The decision by Niumatalolo, who will be interviewed Monday by BYU officials, was criticized by athletic director Chet Gladchuk and others connected with Navy. But the players, regardless of their feelings, made sure it wasn't a hindrance Saturday in their 21-17 victory over the Black Knights at Lincoln Financial Field.

"We didn't let it affect us," said free safety Lorentez Barbour, who had an interception in the fourth quarter. "Regardless of what Coach's decision is going to be, he loves us, and we love him. We play for our teammates, we play for each other. The coaches put us in the right positions, but between those white lines, it's just us."

Niumatalolo, a longtime Navy assistant who is 67-37 in eight years as head coach, said he didn't want to deceive anyone.

"I didn't want to be one of those guys who says, 'Read my lips, I'm not going anywhere,' and the next thing you know they're on a plane going somewhere," he said. "Or they text their team. I've known coaches that take another job and don't even tell their other coaches. How do you do that?

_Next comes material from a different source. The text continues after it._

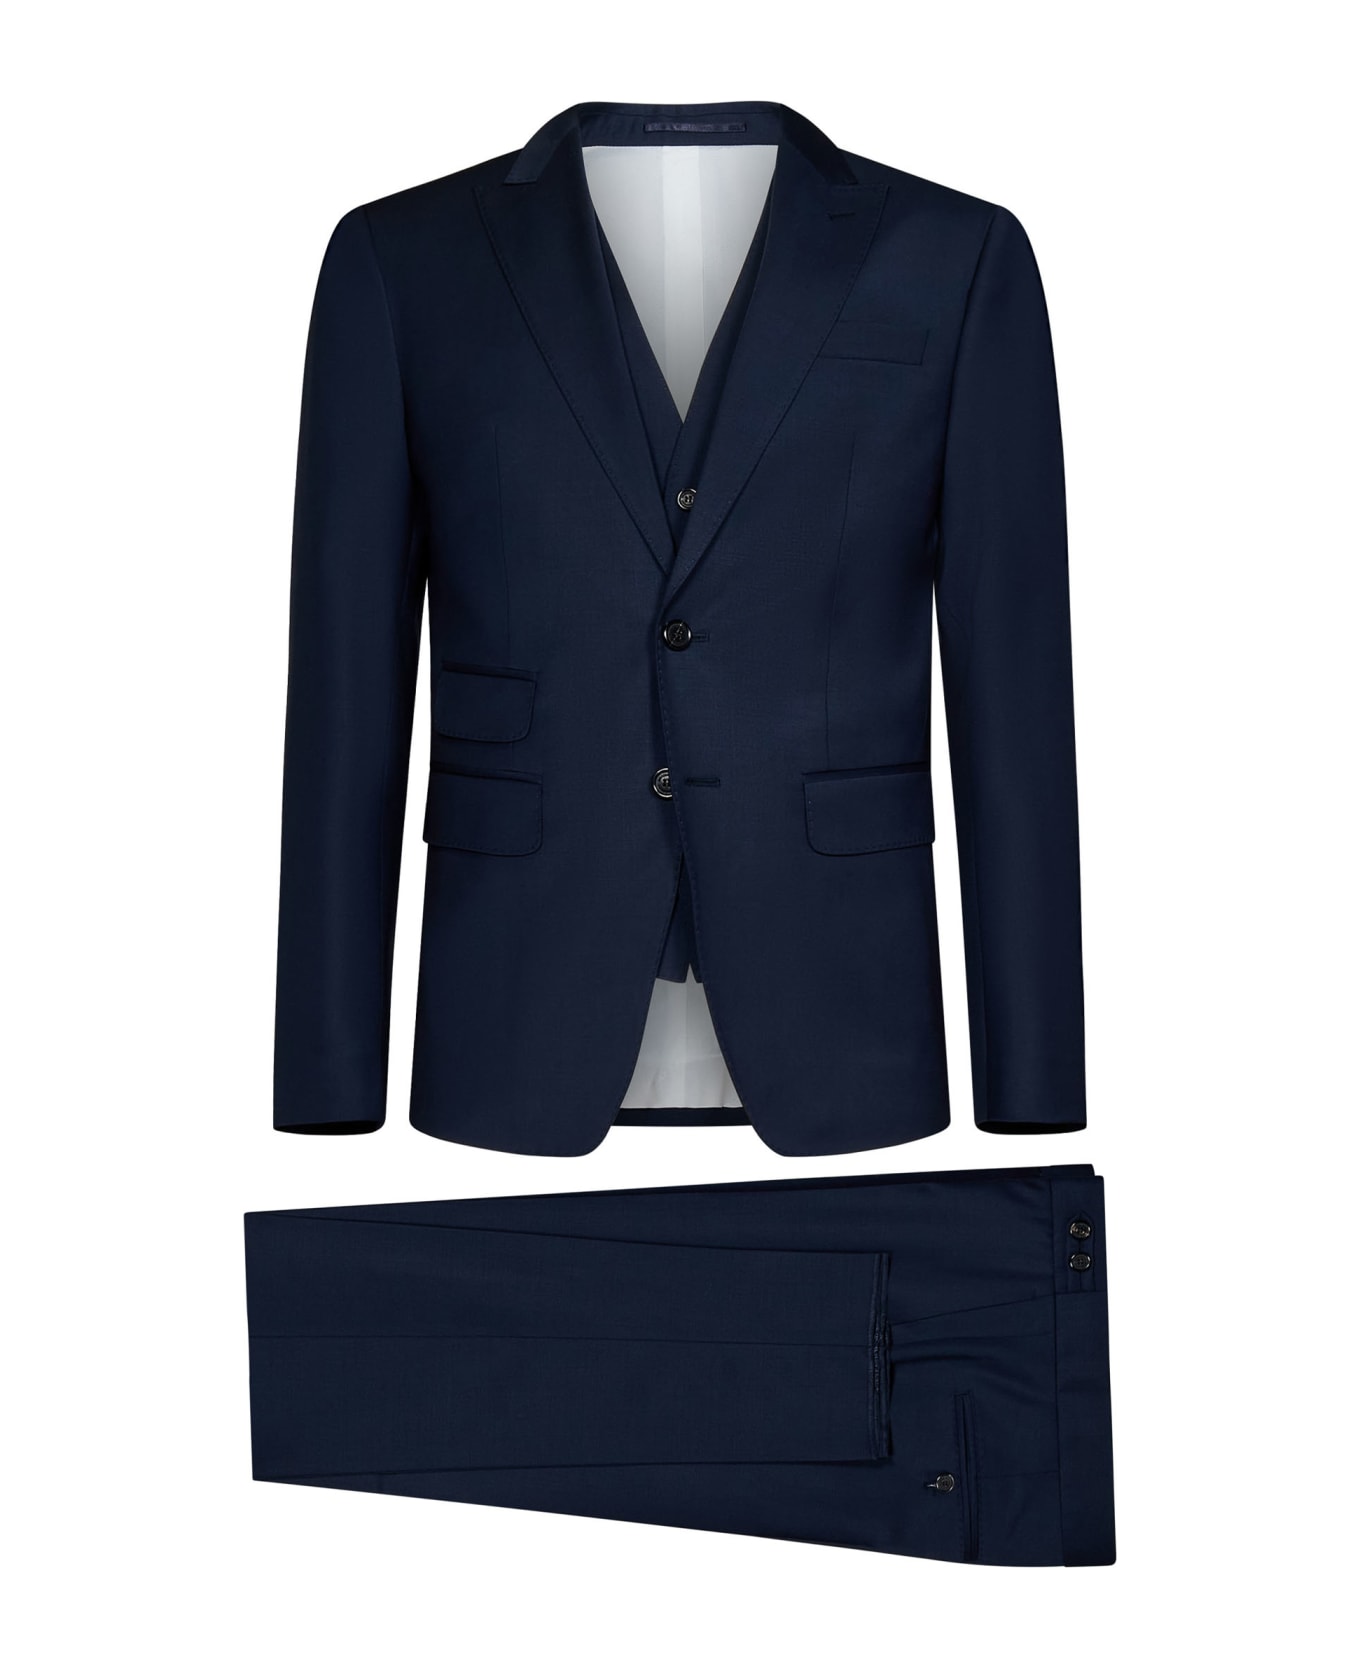 Dsquared2 London Suit - Midnight Blue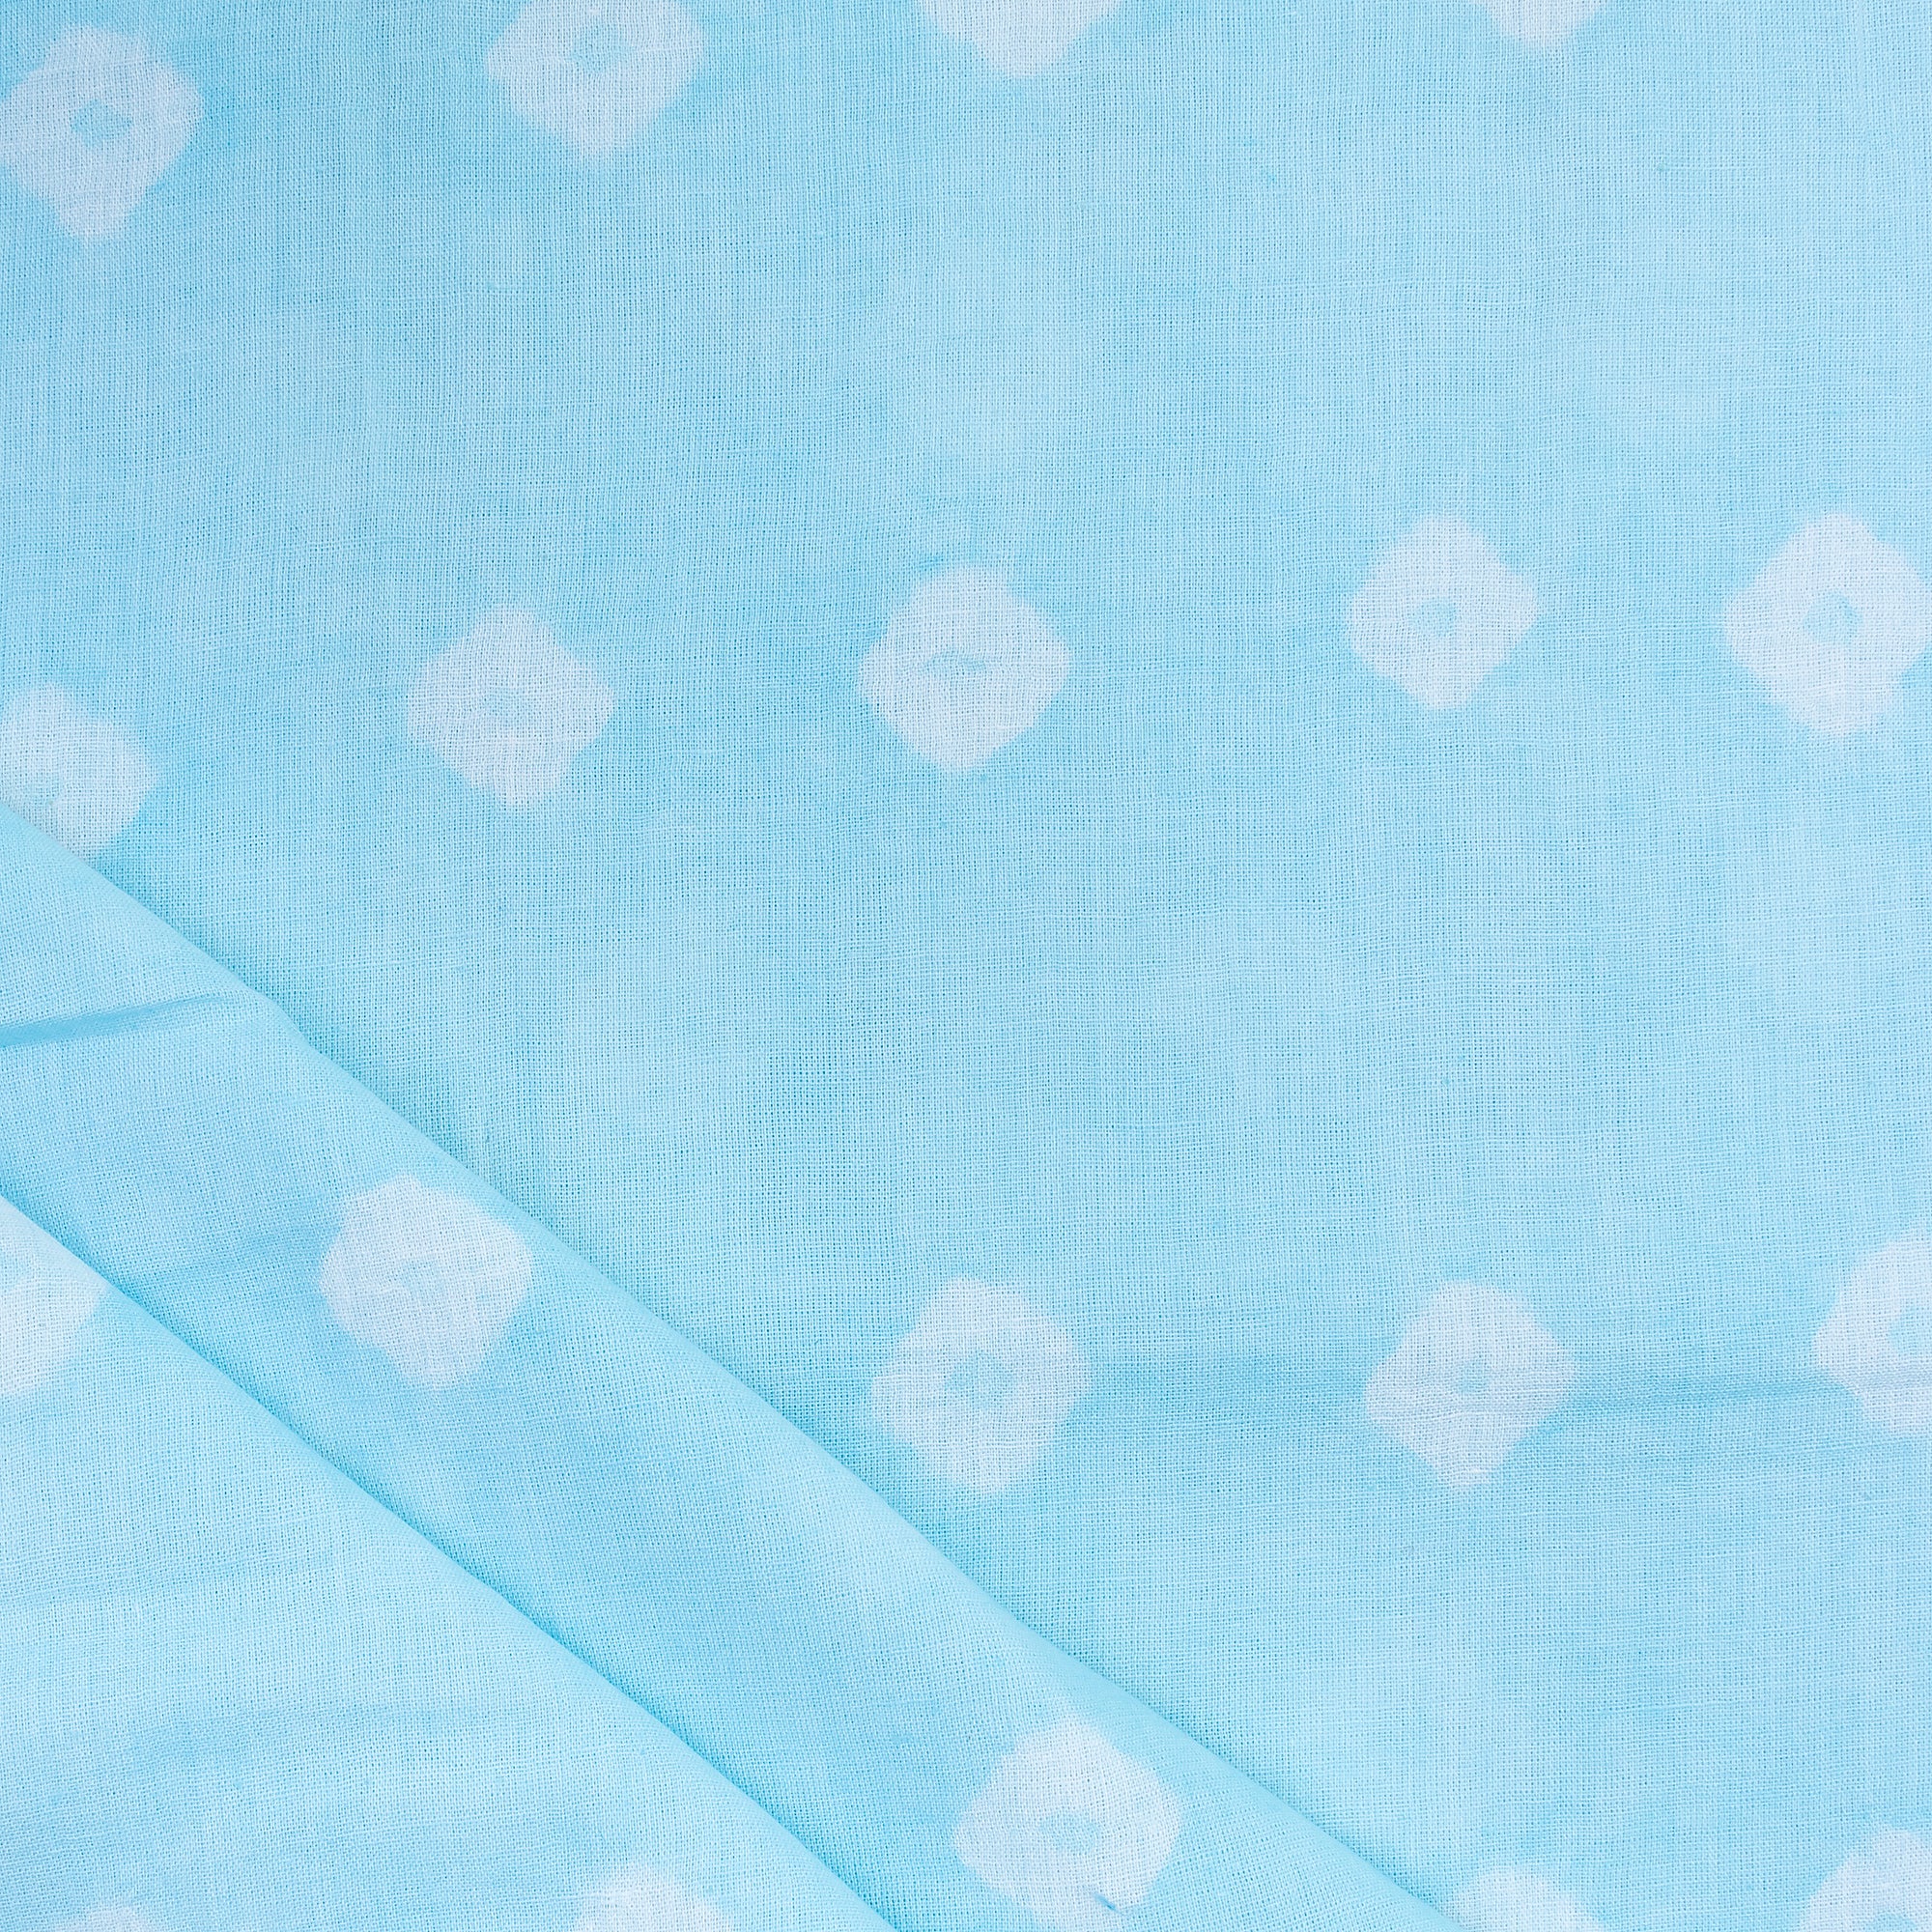 Handmade Sky Blue Tie Dye Clothing Soft Cotton Fabric

"We're a family. You wouldn't do that to your family."

Niumatalolo is a Mormon who went on a two-year mission following his freshman year at Hawaii. His son, Va'a, is a sophomore linebacker at BYU. His family appeared last summer in a documentary, Meet the Mormons.

BYU is seeking a replacement for Bronco Mendenhall, who resigned to take the head coach's job at Virginia. One of the university's requirements is that a candidate must be a member in good standing in the Church of Jesus Christ of Latter-day Saints.

Gladchuk told the Associated Press that Niumatalolo's news distracted from "the biggest game of the year."

"We're certainly a football program that's steeped in team and not about 'me,' " he said. "All of a sudden it's become about that."

Niumatalolo said his faith is a key reason why he's exploring the opportunity, and his voice broke as he explained.

"It has nothing to do with Chet Gladchuk or the Naval Academy or the players," he said. "I've come to work 18 years. I love my job. I love to come to work. It's been my life. My kids have grown up here. I've given everything to this program."